Would you transcribe the listing exactly as it stands, minus any images?

__Data section__.
▬▬▬▬▬▬
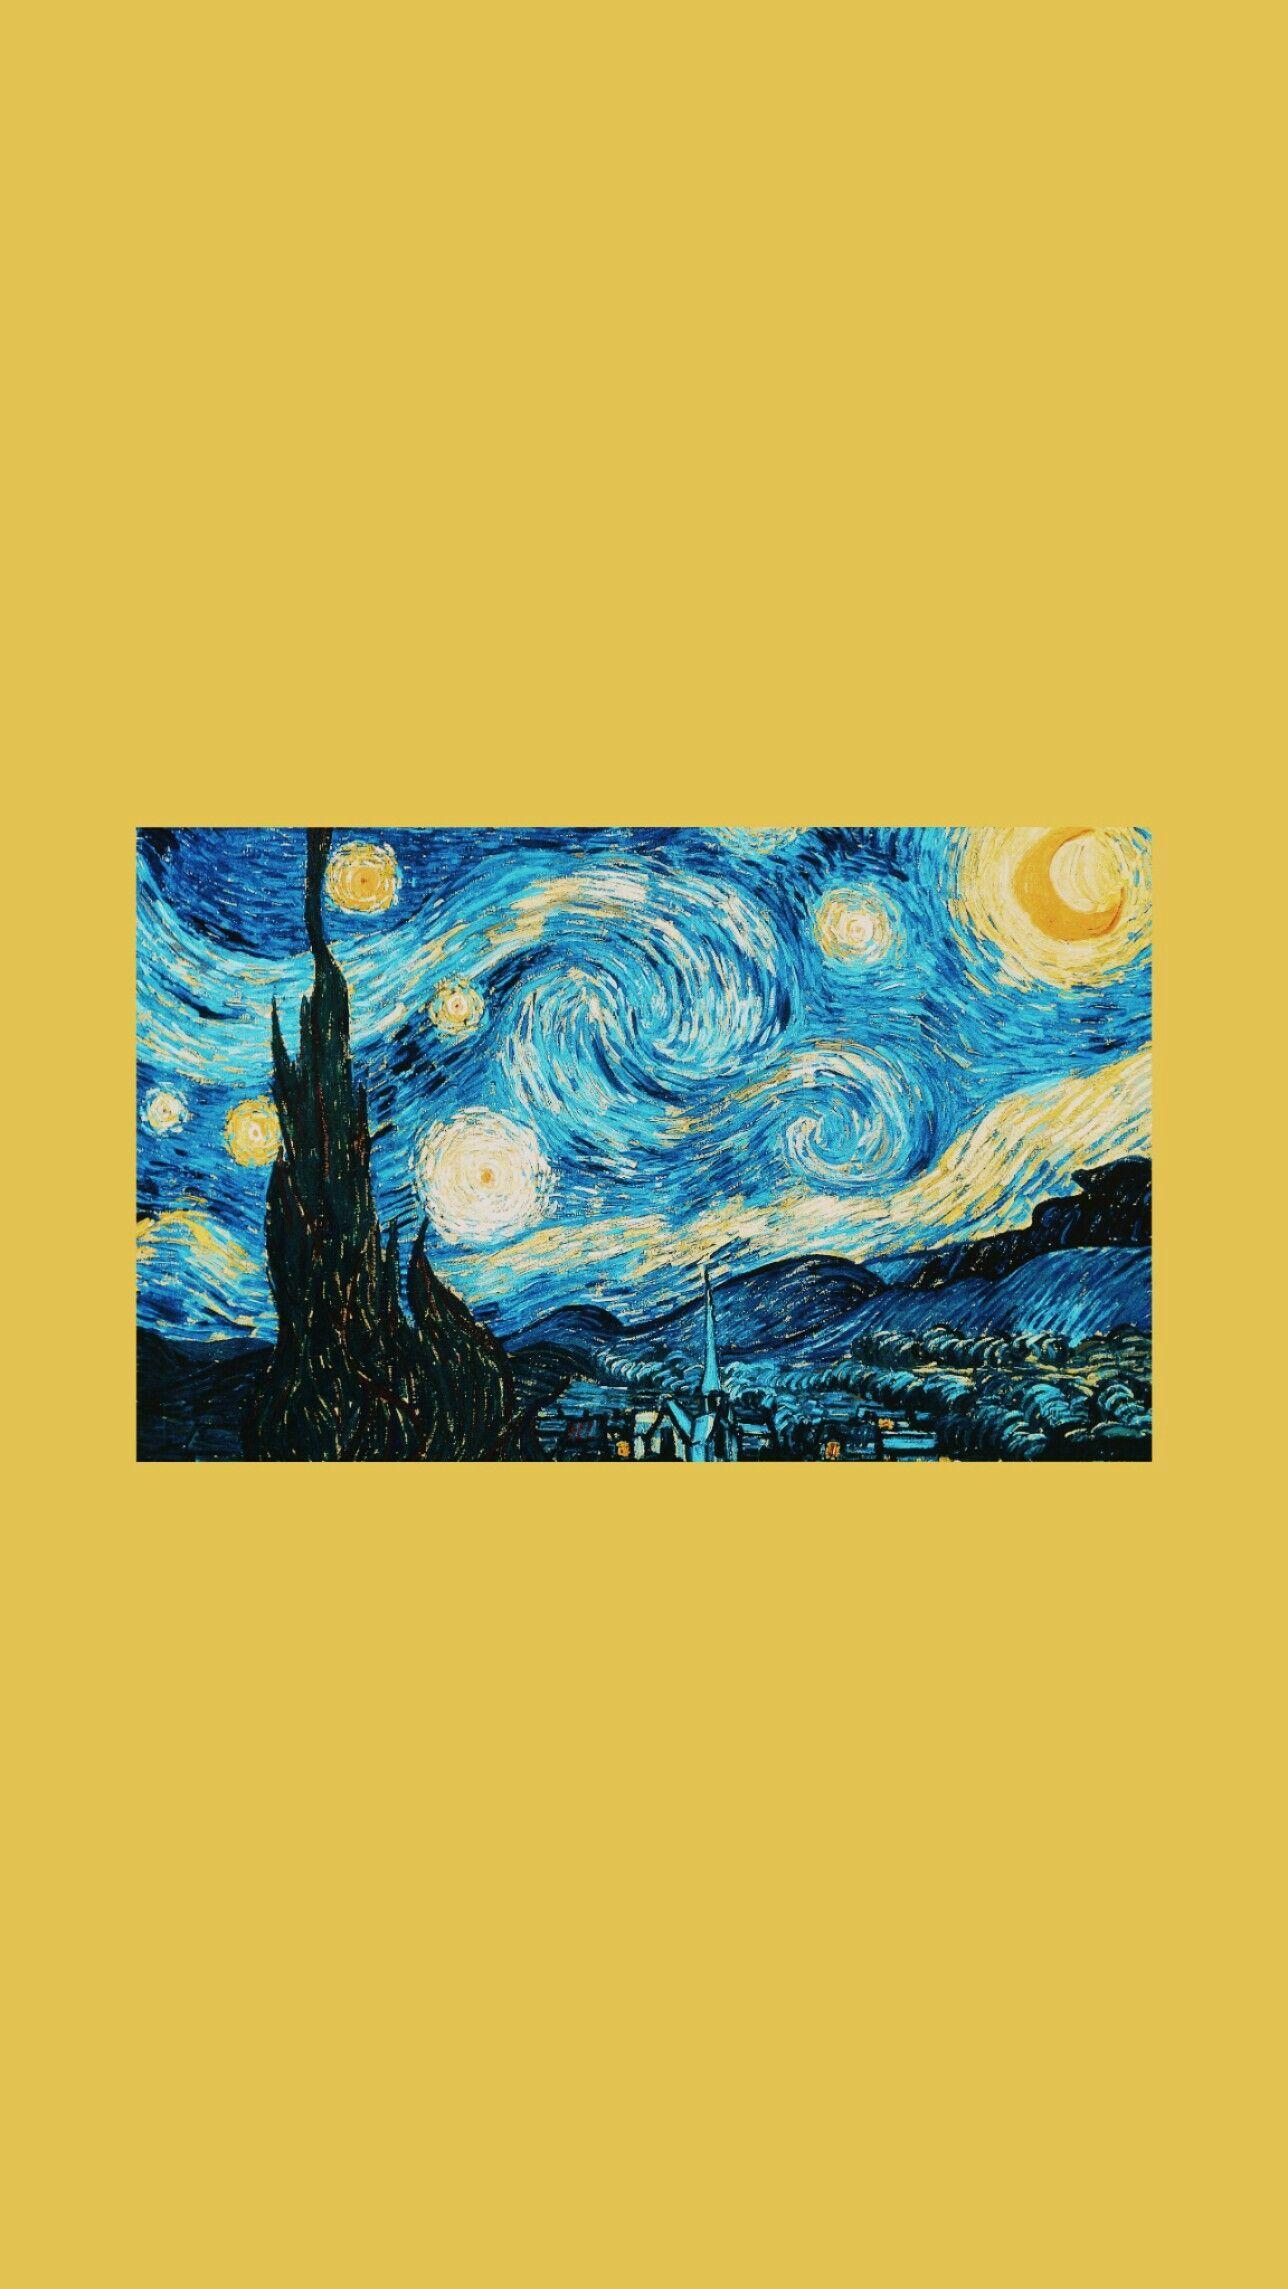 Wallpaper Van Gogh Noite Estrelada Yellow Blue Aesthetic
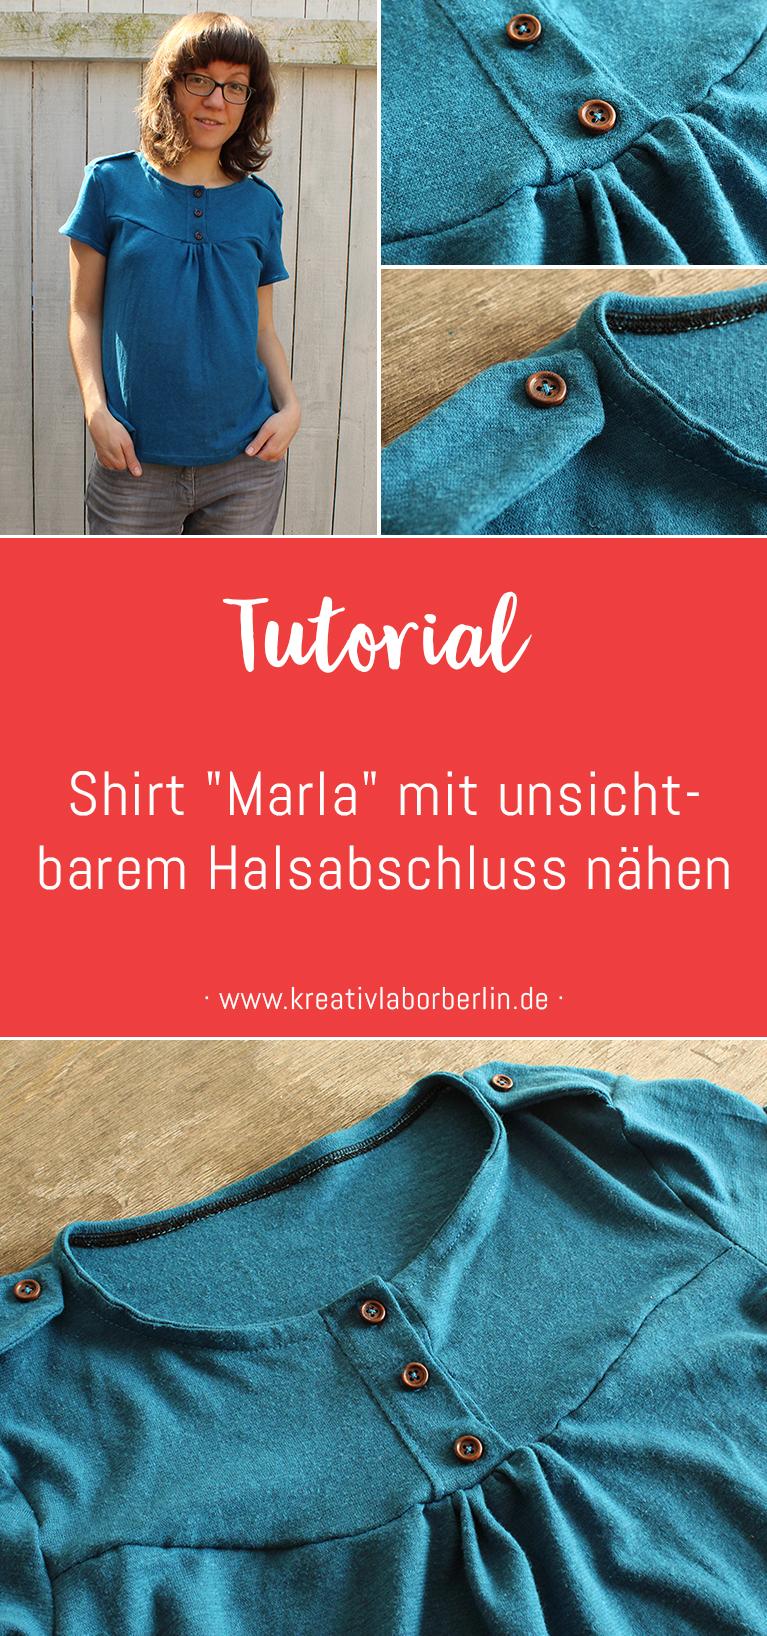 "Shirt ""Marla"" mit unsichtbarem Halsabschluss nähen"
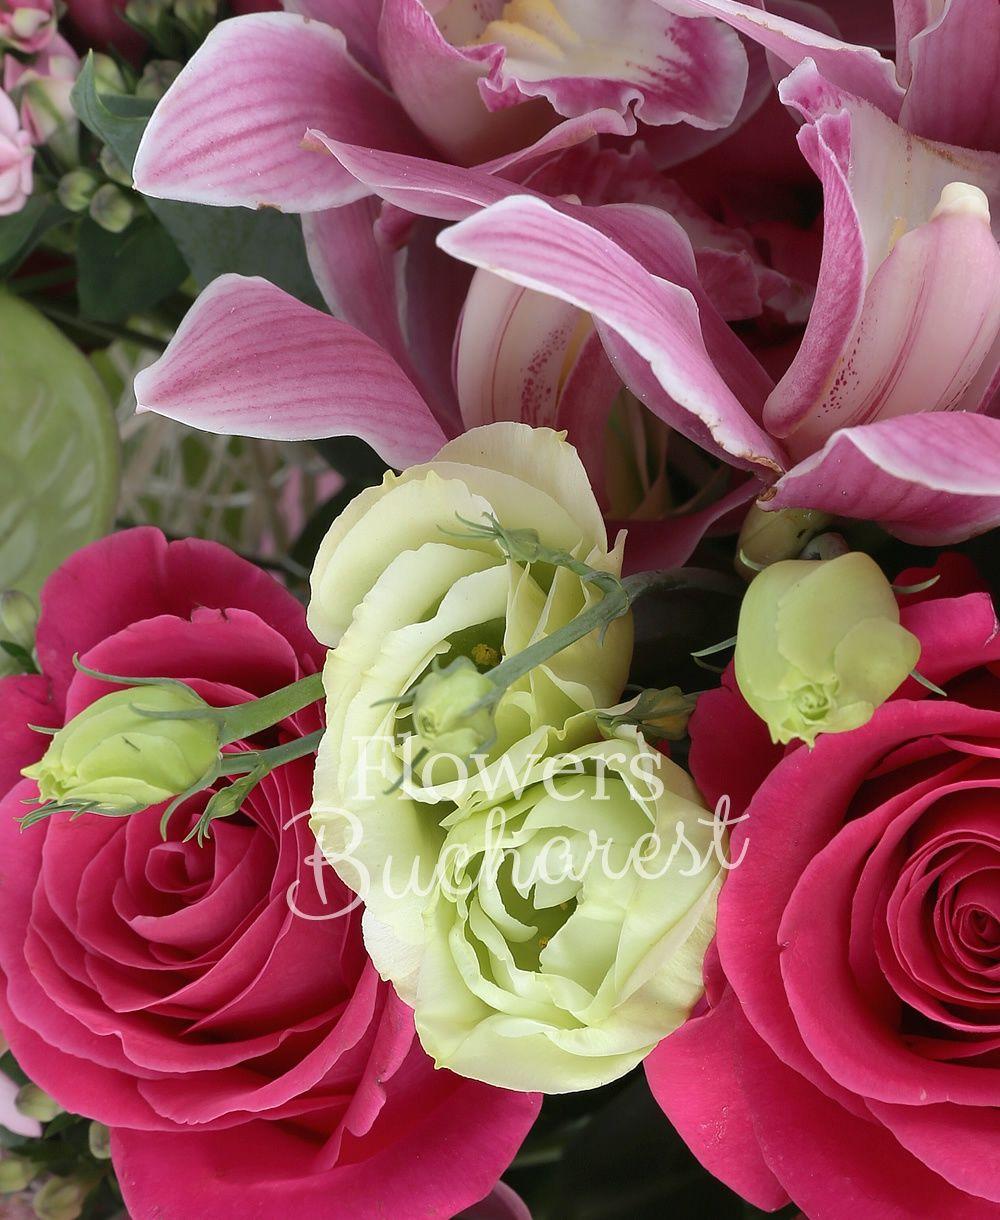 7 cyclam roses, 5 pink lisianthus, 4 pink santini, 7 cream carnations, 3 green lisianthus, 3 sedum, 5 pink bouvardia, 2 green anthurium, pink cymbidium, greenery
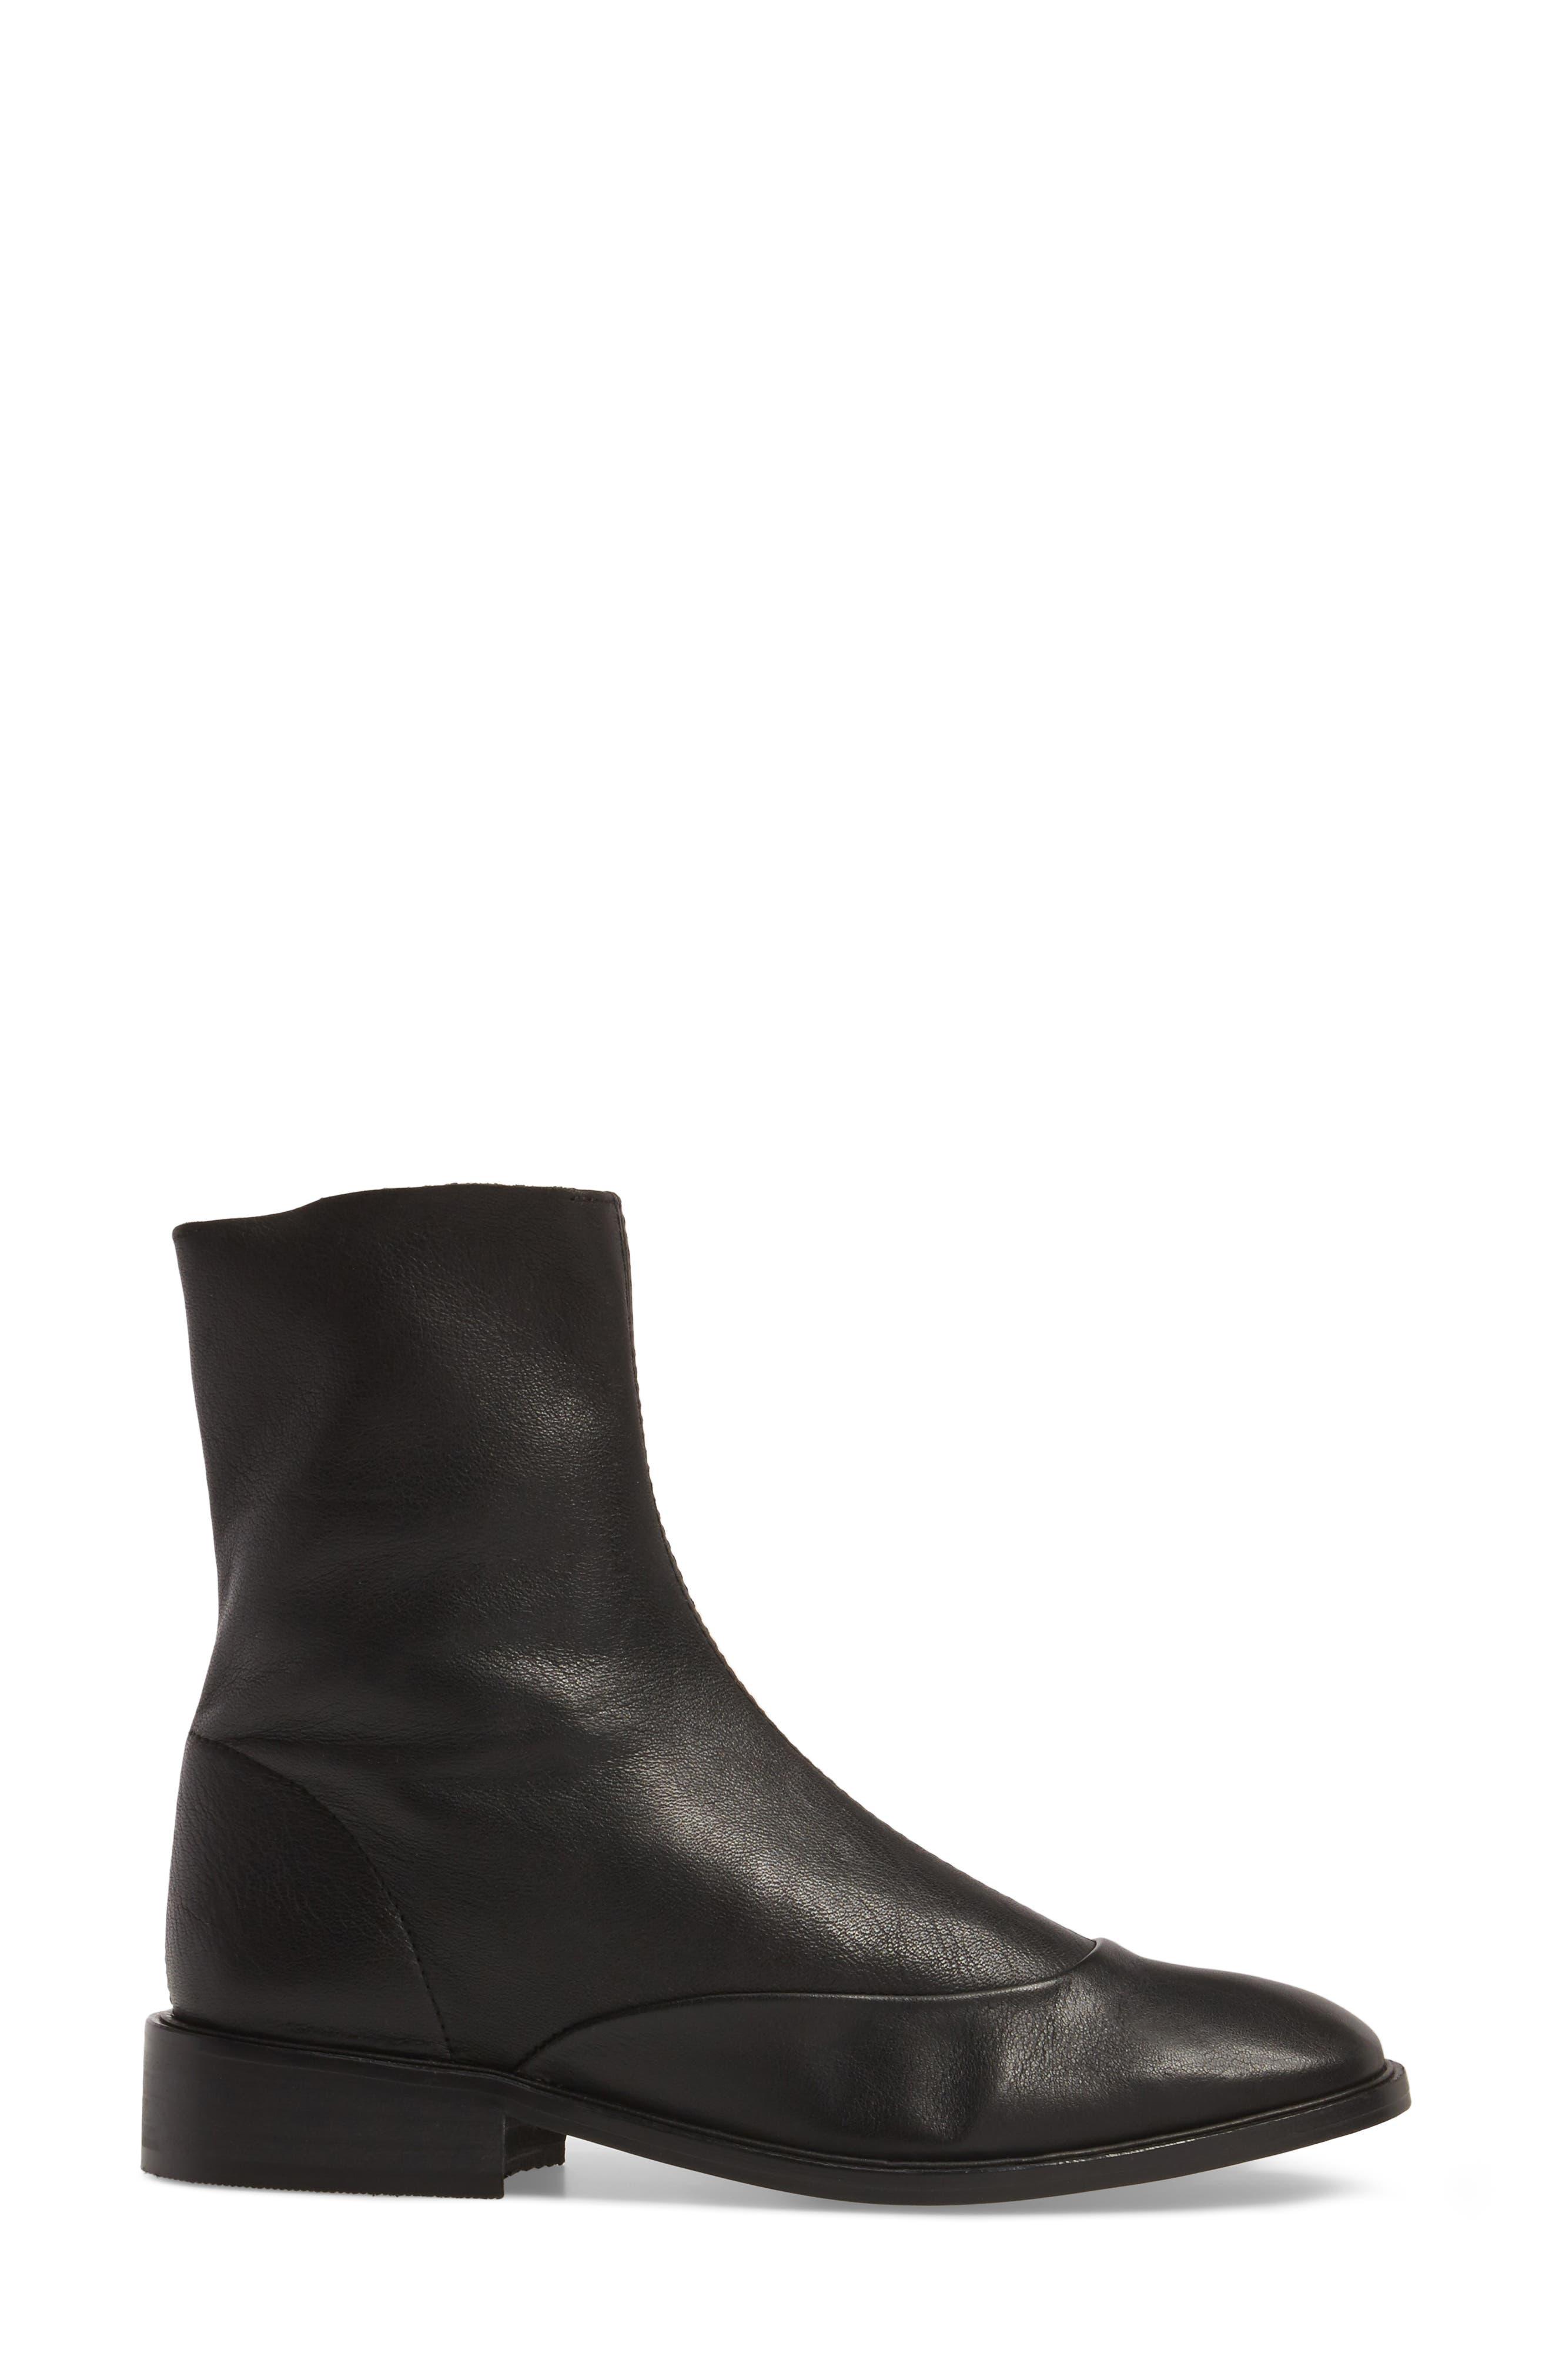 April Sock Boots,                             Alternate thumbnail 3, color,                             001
▬▬▬▬▬▬
__Output of the exercise__.
 Wallpaper Van Gogh Noite Estrelada Yellow Blue Aesthetic
 "Shirt ""Marla"" mit unsichtbarem Halsabschluss nähen"
 7 cyclam roses, 5 pink lisianthus, 4 pink santini, 7 cream carnations, 3 green lisianthus, 3 sedum, 5 pink bouvardia, 2 green anthurium, pink cymbidium, greenery
 April Sock Boots,                             Alternate thumbnail 3, color,                             001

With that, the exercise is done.